Walking and biking during the daytime also offer significant sunlight-related benefits: vitamin D and circadian rhythm regulation. Many of us who work in offices see little sunlight, which can impact sleep timing and vitamin D uptake. It doesn’t take a ton of time, either. Depending on skin tone and clothing, 10 to 30 minutes is more than enough. If you can’t walk or bike to work, try walking for your lunch or coffee break, preferably in morning or early afternoon.
Other research has shown that eco-friendly commuting positively influences mood. British researchers found that people who changed to biking or walking to work from driving reported reduced stress and better concentration, with less stress being more conducive to better rest. Public transit also showed improvements over driving.
Another benefit? Your fatter pocketbook. Kiplinger hosts a bike savings calculator, which estimates that a person biking to work (10 miles) could save about $5.00 per day on top of any parking or toll costs. There is a even a federal incentive worth about $20 per month for frequent bike commuters, and certain metros and employers also offer financial incentives for eco-friendly commuters.

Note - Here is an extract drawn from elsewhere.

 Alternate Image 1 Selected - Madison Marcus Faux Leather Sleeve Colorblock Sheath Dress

Working Greener Transit Into Your Routine
The more driving we do, the more fossil fuels we burn and pollution we generate, meaning swapping car keys for good shoes even once a week results in real benefits. A growing number of cities are also striving to make their spaces pedestrian and cyclist friendly in order to reduce traffic and pollution burden.

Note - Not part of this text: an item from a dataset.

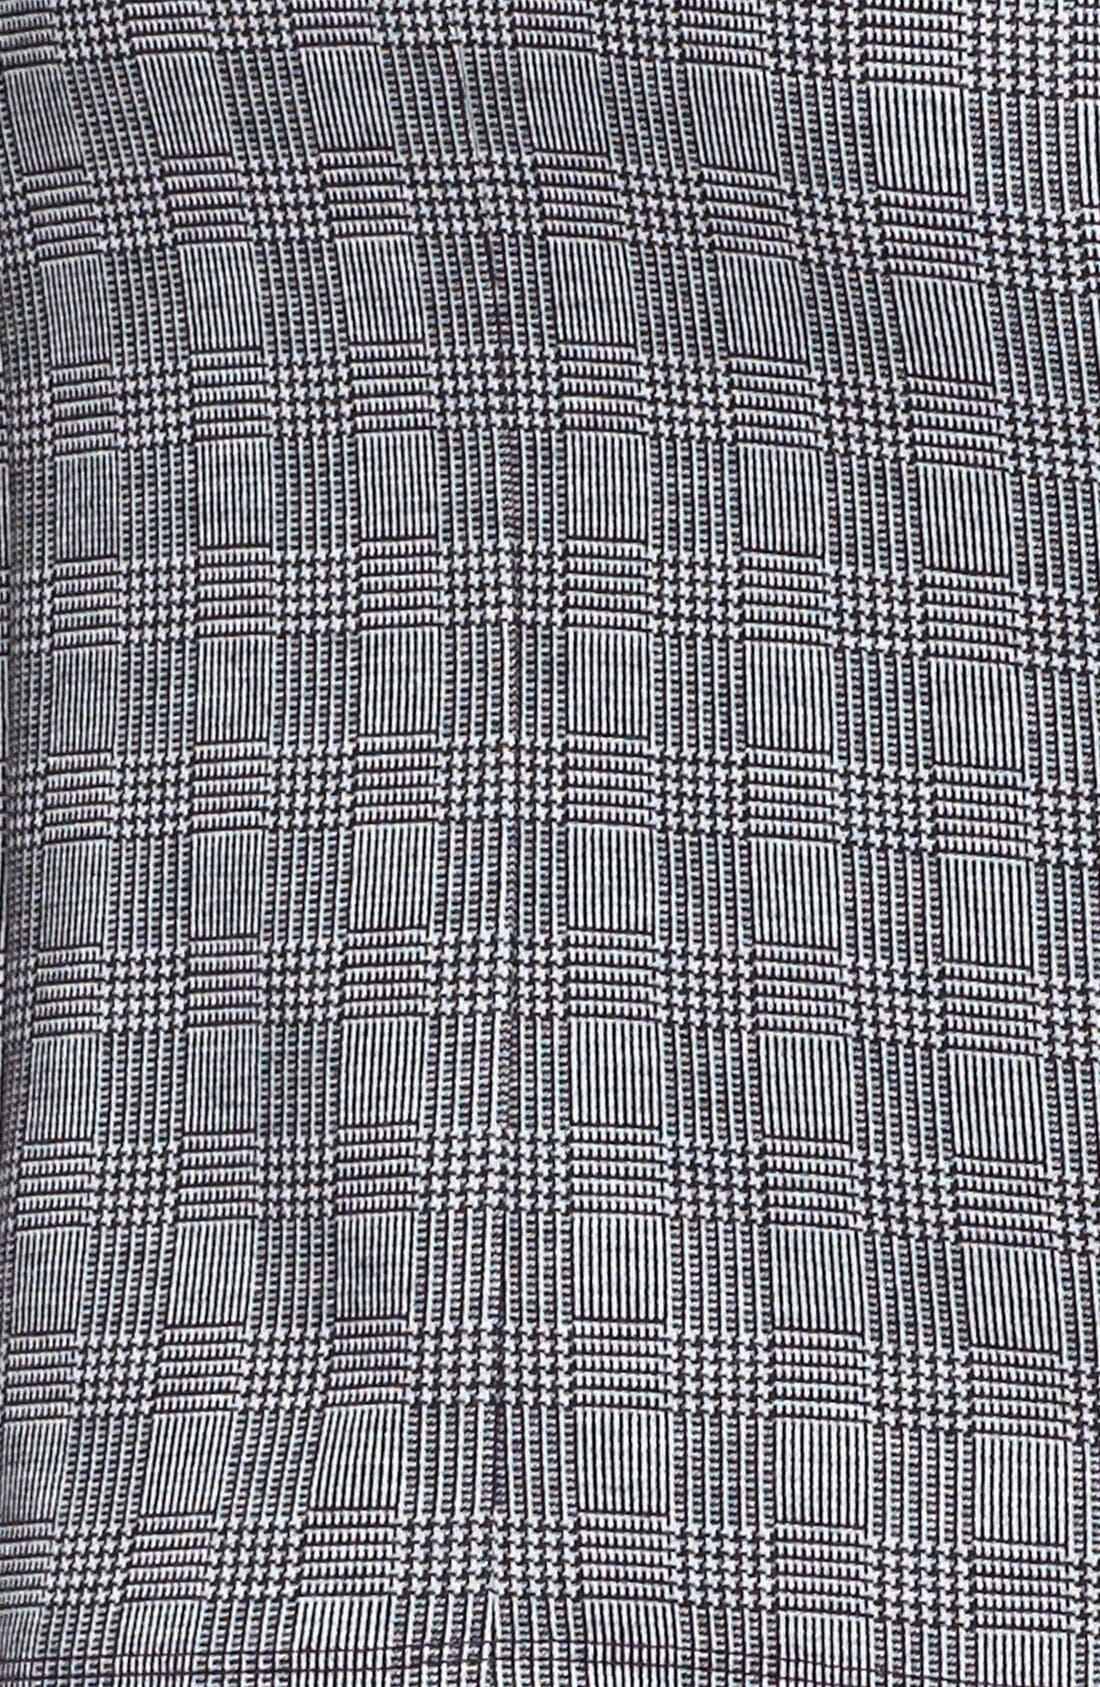 Alternate Image 3  - Vince Camuto Side Zip Glen Plaid Pencil Skirt (Petite) (Nordstrom Exclusive)

All you really need is a comfortable pair of shoes if you want to walk, and a decent bike and helmet if you prefer to cycle. A few weeks of use and they will likely have paid for themselves in savings from driving.
If you live in a larger metro, you may even be able to access bike-sharing programs (NYC, DC, Miami, Boston and Denver are among cities with programs). These low-cost options can make it easier than ever to get started, especially if you’re not ready to commit to buying a bike yet.

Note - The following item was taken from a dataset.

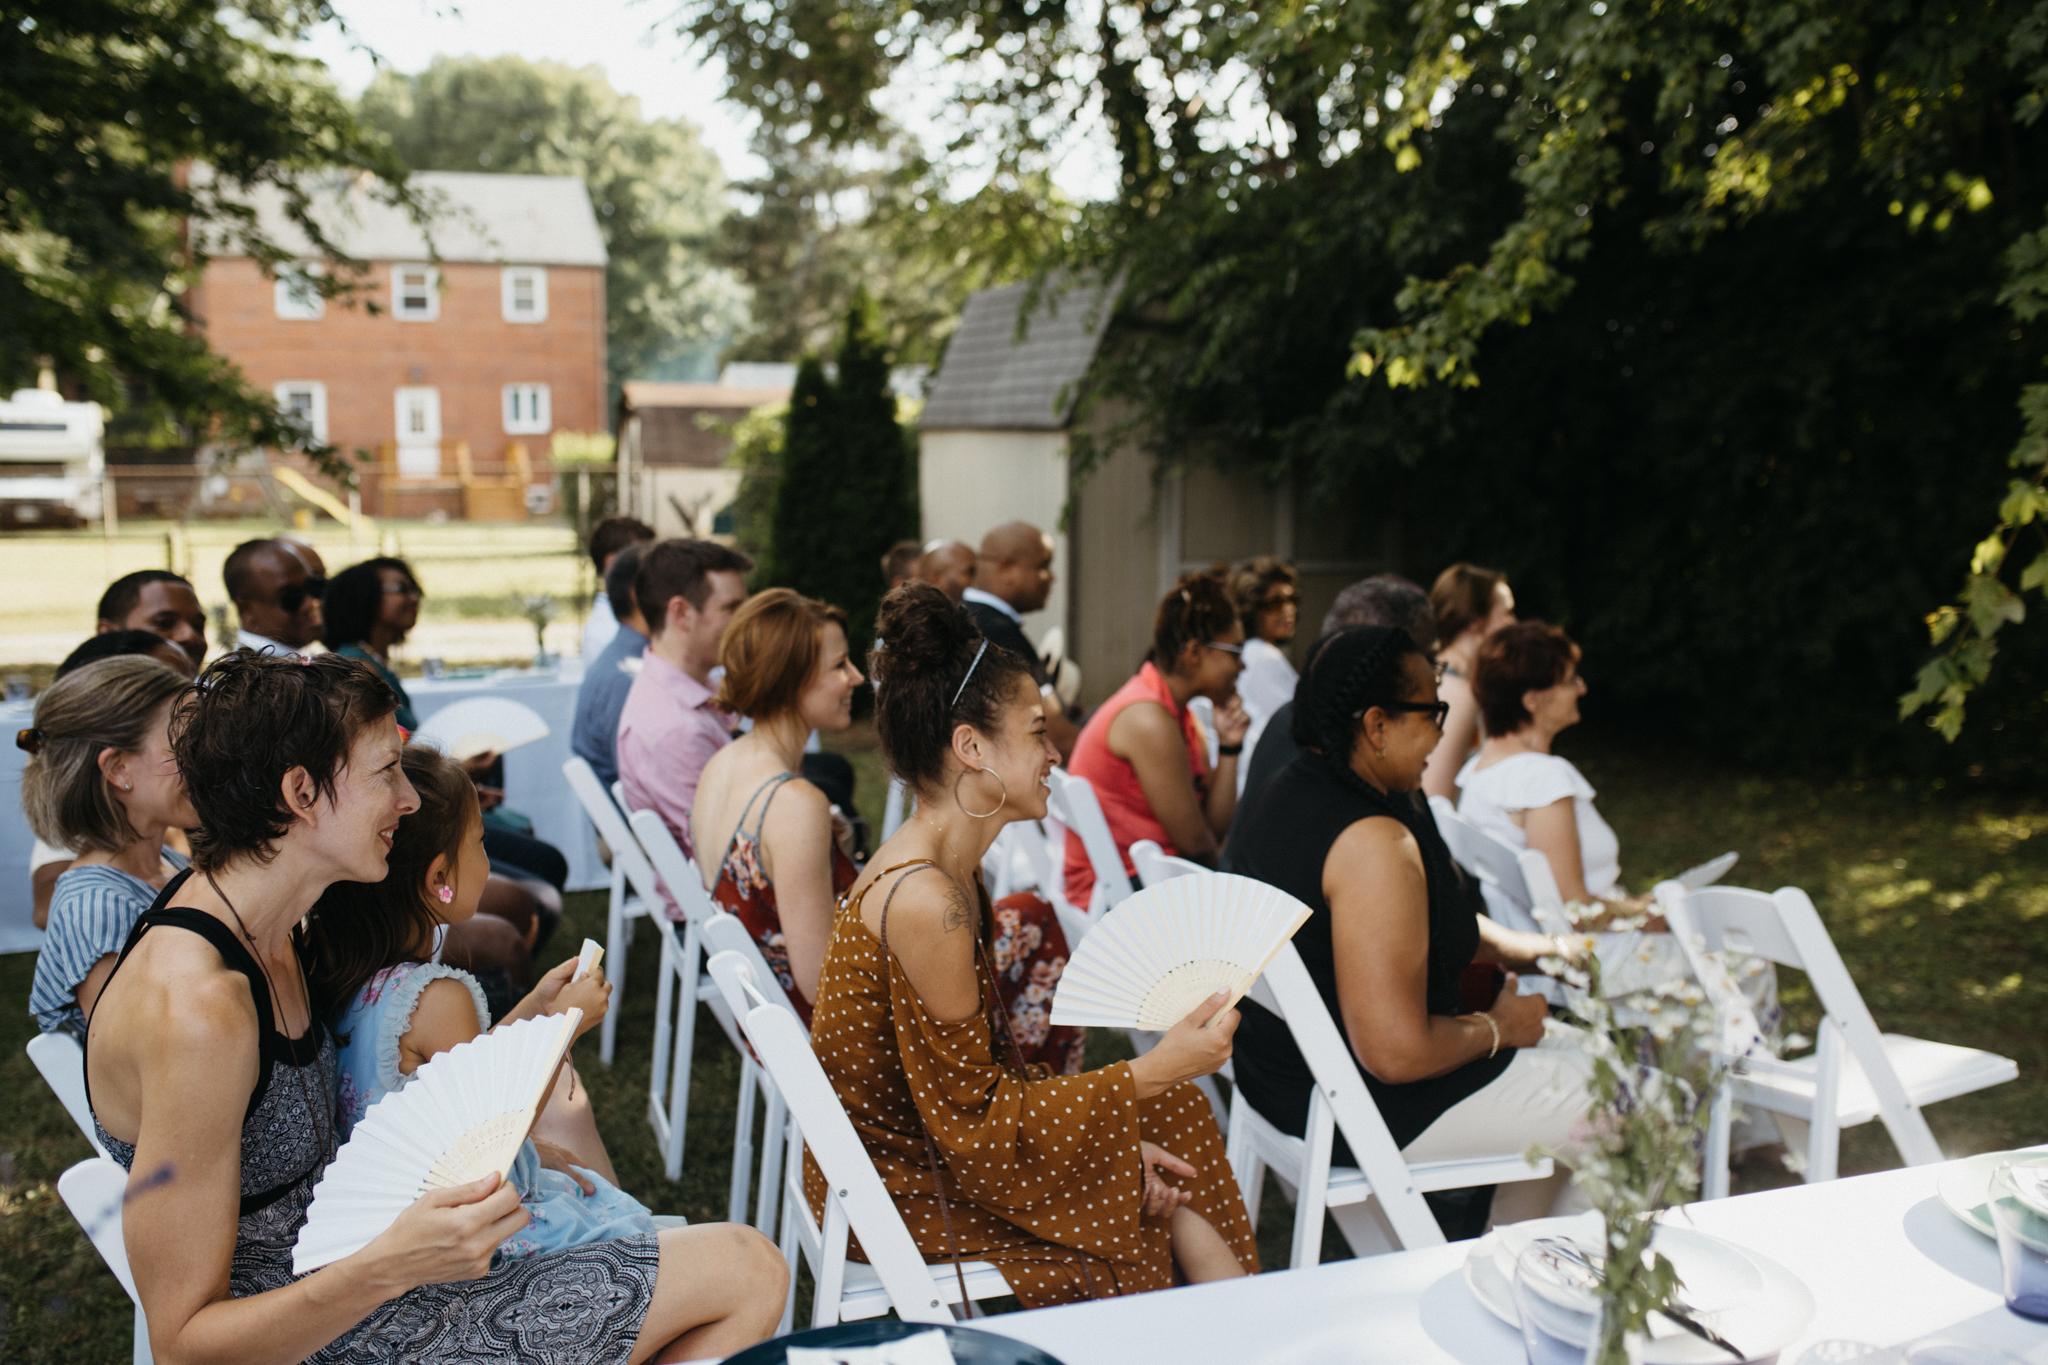 dorota_dwight_richmond_backyard_wedding-44.jpg

Try planning a couple of routes in advance and testing them on the weekends to see which ones are most practical, and to get a good idea of the time you’ll need. Other practical ways to prepare include tossing a poncho or umbrella in your bag, putting on sunscreen or wearing a hat, and carrying a bottle of water. Another tip: many commuters wear flats or sneakers to and from the office, and carry dress shoes in their bags to slip on for work.
For biking, look for routes with dedicated bike lanes, and be sure to wear a helmet! Smart cycling involves riding defensively, so know your municipal laws and be aware of the traffic situation on your route. Same goes for pedestrian crosswalks.
Even if self-powered commuting doesn’t make sense for your situation, using greener transportation to replace short trips or just for the exercise offers real benefits.
From looking better and feeling better to even sleeping better and saving money, the benefits of walking and biking make a strong case for leaving the car at home more often.
How often do you walk or ride to work or to replace short trips? What would encourage you to do it more? Share your comments and tips.